Okay, I think I caught up with your idea now. Lower duty cycle forms a secondary frequency, like 25Hz for 25%, which may be audible. That is plausible, but if one wants to utilize the economizer, capacitor is still the way to fix it. I think the reason PWM outputs in these things aren't smoothened by caps is because caps need to be picked for each load, which isn't known ahead of time.

Hold on, I wrote nonsense about 25Hz... need to think for a moment 

Okay, so I think this last idea is swill wrong, and my first thought was correct.

Let's say we want to have 12v holding voltage from a 48v (nominal) pack. That's the 25% the voltage, and we achieve it by using 25% duty cycle of the output. Now we have a 400Hz PWM driver, which means out of 400 possible pulses, it needs to put out every 4th pulse in order to maintain 25% duty cycle. If we write it like a binary number, it would look like this :

1 0 0 0 1 0 0 0 1 0 0 0 0 <--- 400 times every second. I don't think that sub millisecond gap would affect audibility of the signal.


----------



## remy_martian (Feb 4, 2019)

No.

He disclosed that the contactor is actually opening and closing when actuated....


----------



## balex97 (Nov 25, 2021)

remy_martian said:


> No.
> 
> He disclosed that the contactor is actually opening and closing when actuated....

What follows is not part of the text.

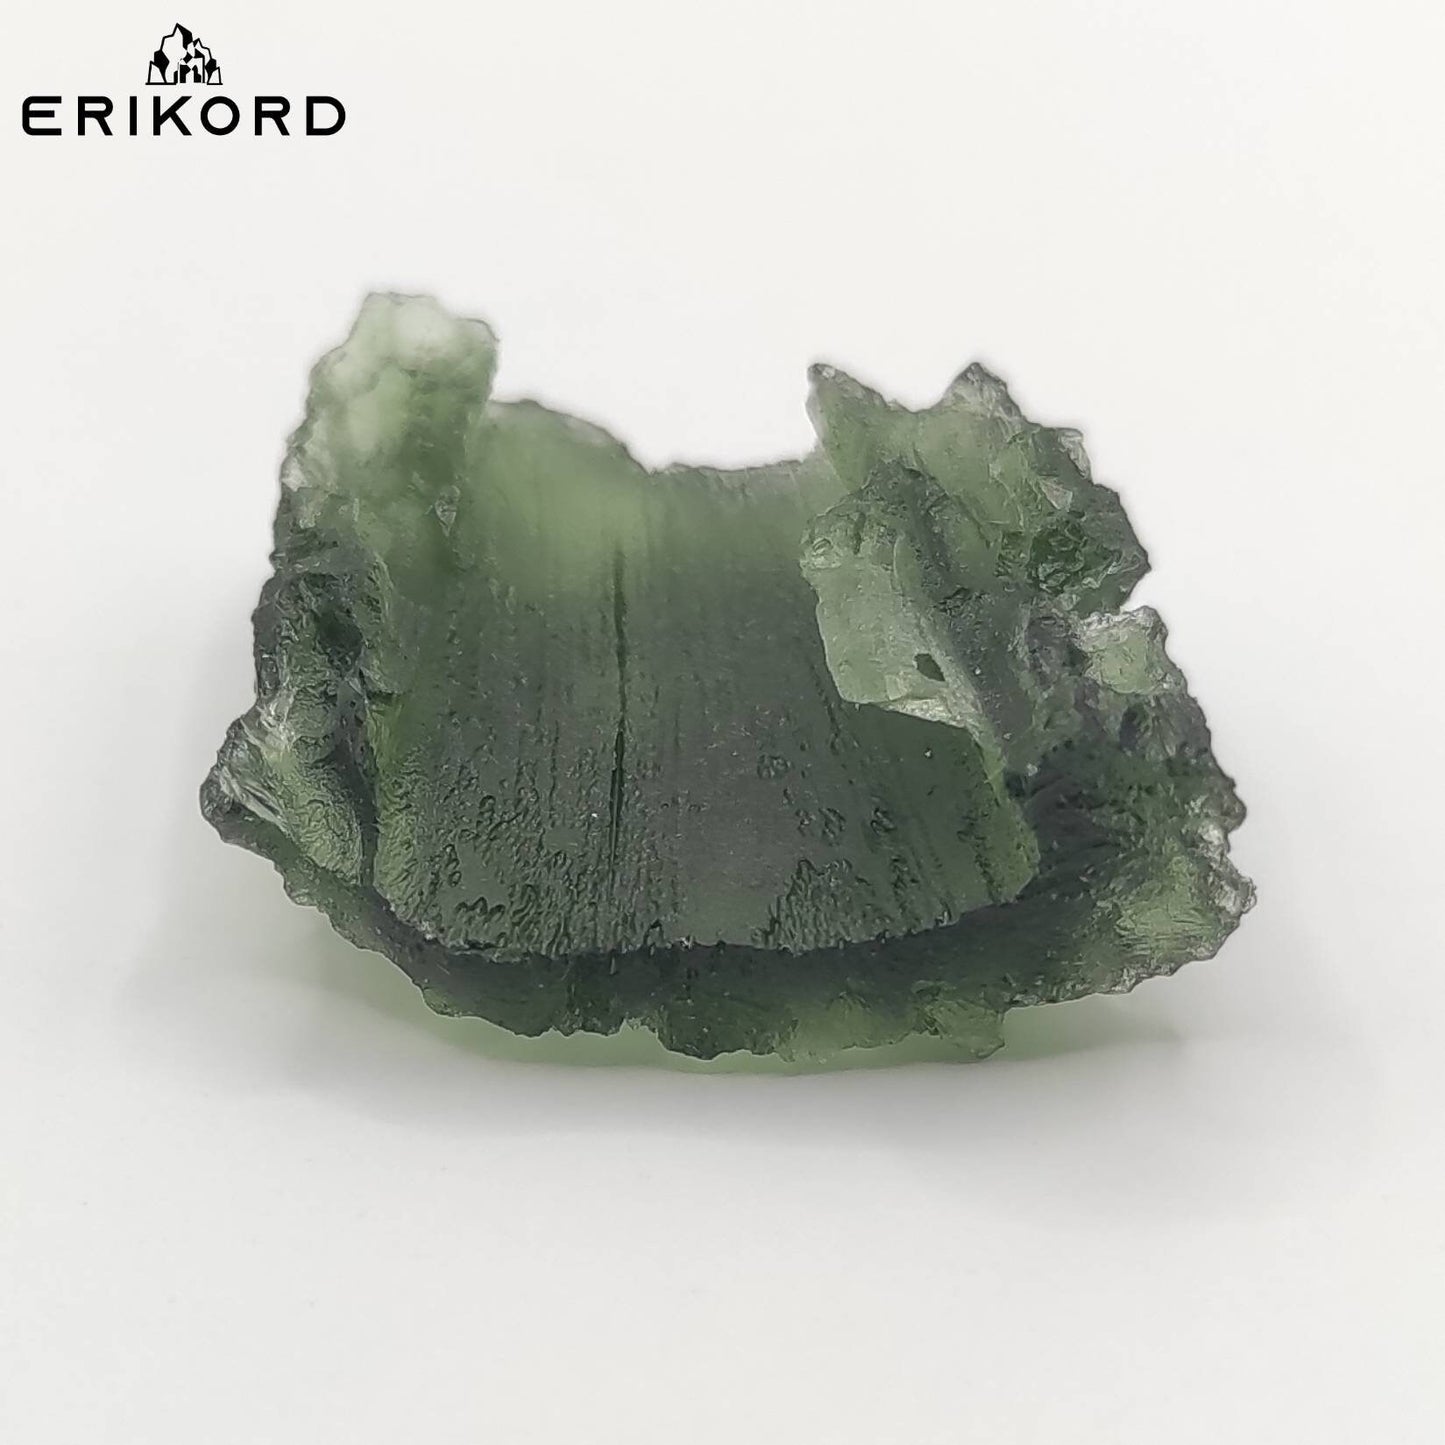 5.11g Rare Moldavite Specimen GENUINE Moldavite Czech Republic Raw Moldavite Authentic Moldavite Real Green Moldavite High Energy Crystal
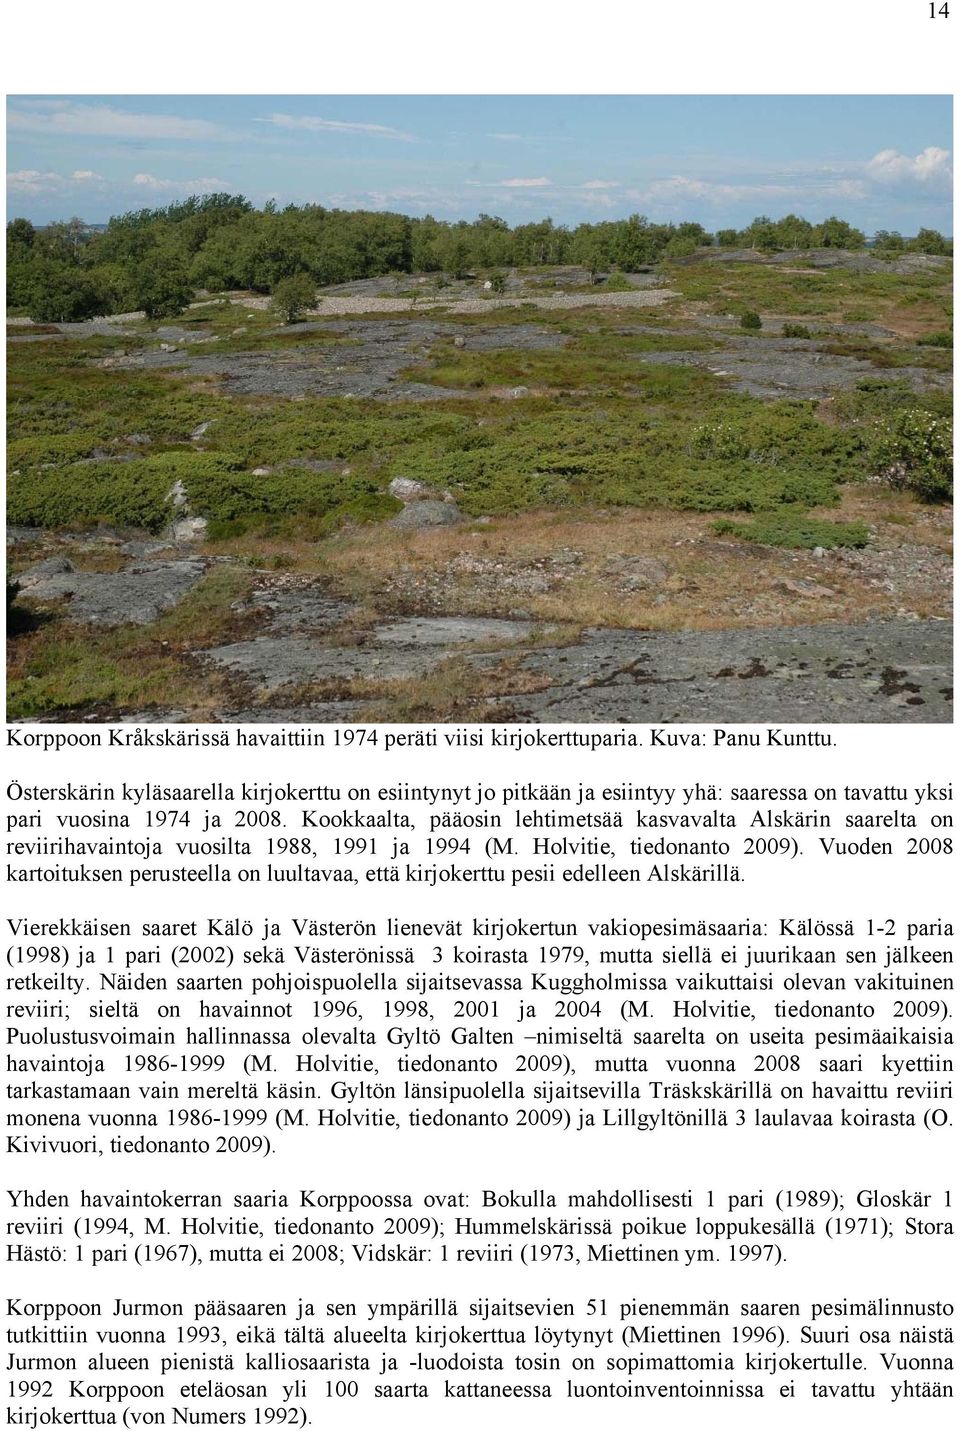 Kookkaalta, pääosin lehtimetsää kasvavalta Alskärin saarelta on reviirihavaintoja vuosilta 1988, 1991 ja 1994 (M. Holvitie, tiedonanto 2009).

Maybe expressed that a bit sloppy.
The contactor is closed after I fire up the vehicle. I can drive without any problems beside the noise.
The Gigavac vendor told me the following:

_What frequency is the GV200QA contactor coil being driven with? Gigavac uses 25kHz so that it can’t be heard (by humans). 
-Brian_

I told him that I run it with 430Hz and I'm not able to go above 1kHz due it's limited by the programm
Then he wrote the following:

_430 Hz is too low. The sound you hear is likely the contactor opening and closing rapidly. 
You could use a GV200FA and the same output by setting the PWM duty cycle to 100% (48vdc). 
-Brian_


----------



## balex97 (Nov 25, 2021)

I also went through the Hyper9 thread from OR-Carl where 4Foxtrot wrote the following: 

_6. Beg Hunter for the *OEM /dealer version* of the SME Tau software .. *Warning:* you CAN kill yourself/system ... but at the very least it allows you to lower the frequency of the contactor to make it almost silent !!! (and adds many more useful options). I cant post the software, but HERE are the help files which show capabilities._

So I guess he lives with that noise.
Tomorrow (today better said) I will go through all these things and be right back when I got any news.


----------



## cricketo (Oct 4, 2018)

balex97 said:


> _The sound you hear is likely the contactor opening and closing rapidly. _


It's really just micro-vibrating. Kind of like connecting a small DC motor to a source of audio signal - it will play it like a speaker.


----------



## asymptonic (Oct 14, 2021)

cricketo said:


> It's really just micro-vibrating. Kind of like connecting a small DC motor to a source of audio signal - it will play it like a speaker.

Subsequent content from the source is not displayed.